Yol boyunca yan yana yapılmış sayısız billboardlardaki büyük boy posterlerine baktığımda hep yapılan savurganlığı düşünürdüm…

‘Yazık değil mi harcanan paraya, yapılan savurganlığa’ diye düşünmeden edemezdim hep…

Vallahi hangi partinin genel başkanı, hangi hükümetin başbakanı olsa düşüncem değişmez, eleştiririm ve aynı duygulara kapılırım…

Ne hakla ve hangi mantıkla bu yanlışlara imza atılıyor?

Komşu illerde ve ülkenin diğer kentlerinde de durum değişmiyor. Batman için örnek vermek gerekirse, bulvarlarda, caddelerde asılan yüzlerce dev posterler, seçmenlerin bakış açılarını değiştirir mi?

Yüzlerce ve belki de binlerce X partisinin bayrakları ile cadde ve sokakları süslediğinizde, halkın o partiye olan güven ve sempatisi mi artıyor? Sanmıyorum.

Bu nasıl anlayış, bu nasıl halkı etkileme yöntemidir?

Eğer toplumu etkileme adına, örneğin projeleri tanıtan fotoğraf, afiş veya tanıtım malzemeleri olsa bir şey demeyecektim. Oysa başbakan veya parti genel başkanlarının posterleri ve partinin bayrakları için harcama yapılıyor.

Yazıktır, günahtır. Hangi parti, hangi lider, hangi yönetici olursa olsun onlar adına yapılan bu tür savurganlıklar yanlıştır…

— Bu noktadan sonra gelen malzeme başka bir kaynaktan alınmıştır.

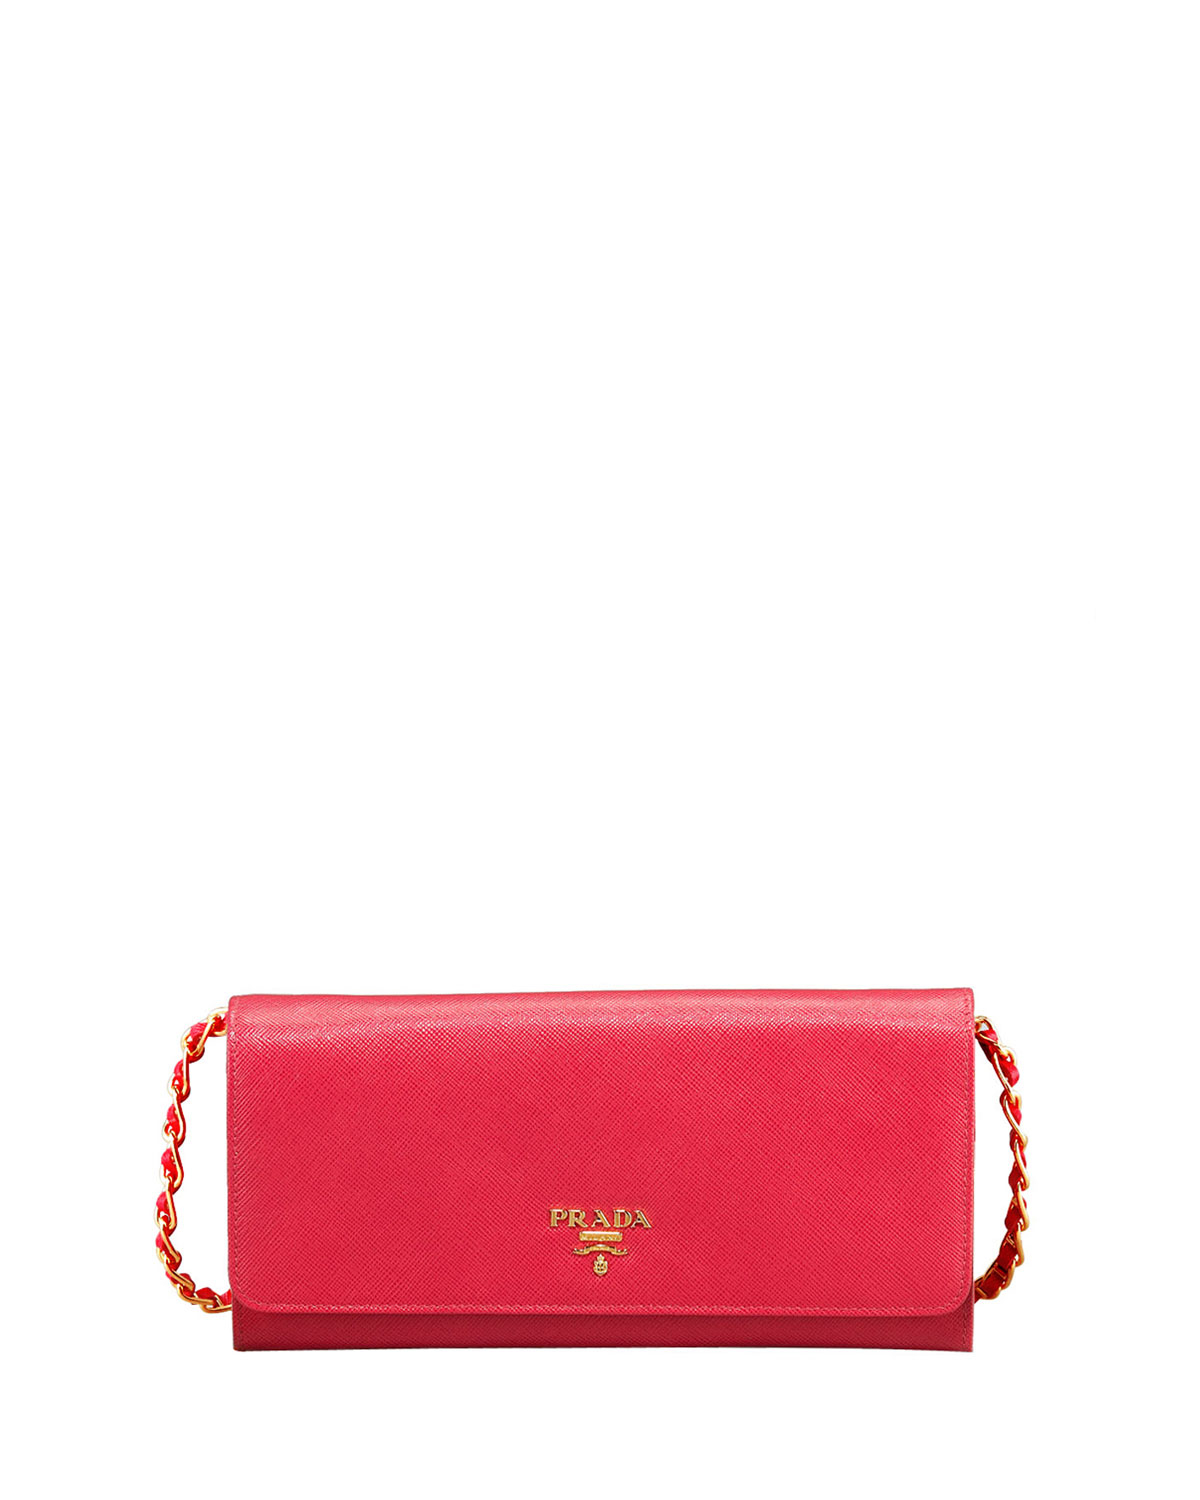 Lyst - Prada Saffiano Chain Crossbody Wallet in Red

Batman’da yıllardır toplum yararına faaliyet gösteren pek çok STK’da yönetici olarak (gönüllü) görev alıyorum. Kamuoyu duyarlılığı oluşturma adına bazen afiş veya benzeri materyaller hazırlamamız gerekirken, parasızlık nedeniyle bunu yapamıyorduk, yapamıyoruz. Şu halde yapılan savurganlıkları sorgulamalıyız.

Yıllardır bu köşede yapılan yanlışları eleştiriyorum. Yetkililerin ziyaretlerinin yanı sıra, seçim için yapılan harcamaları da sorguluyorum. Misal olarak bir seçim öncesinde partilerin yaptıkları harcamalara dikkat çekerken, şunları dile getirmiştim: ‘Seçime artık sayılı günler kaldı. Geriye sayım devam ederken partilerin seçim için yaptıkları harcamalar da tavan yaptı…

Batman’ın neredeyse bütün cadde ve sokaklarında siyasi partilerin bayrakları, afişleri, görsel materyalleri asılmış durumda…

Sadece Batman olsa çok önemsemeyeceğim. Ülke genelindeki bütün yerleşim yerlerini, yani seçimin yapılacağı il ve ilçeleri düşünün…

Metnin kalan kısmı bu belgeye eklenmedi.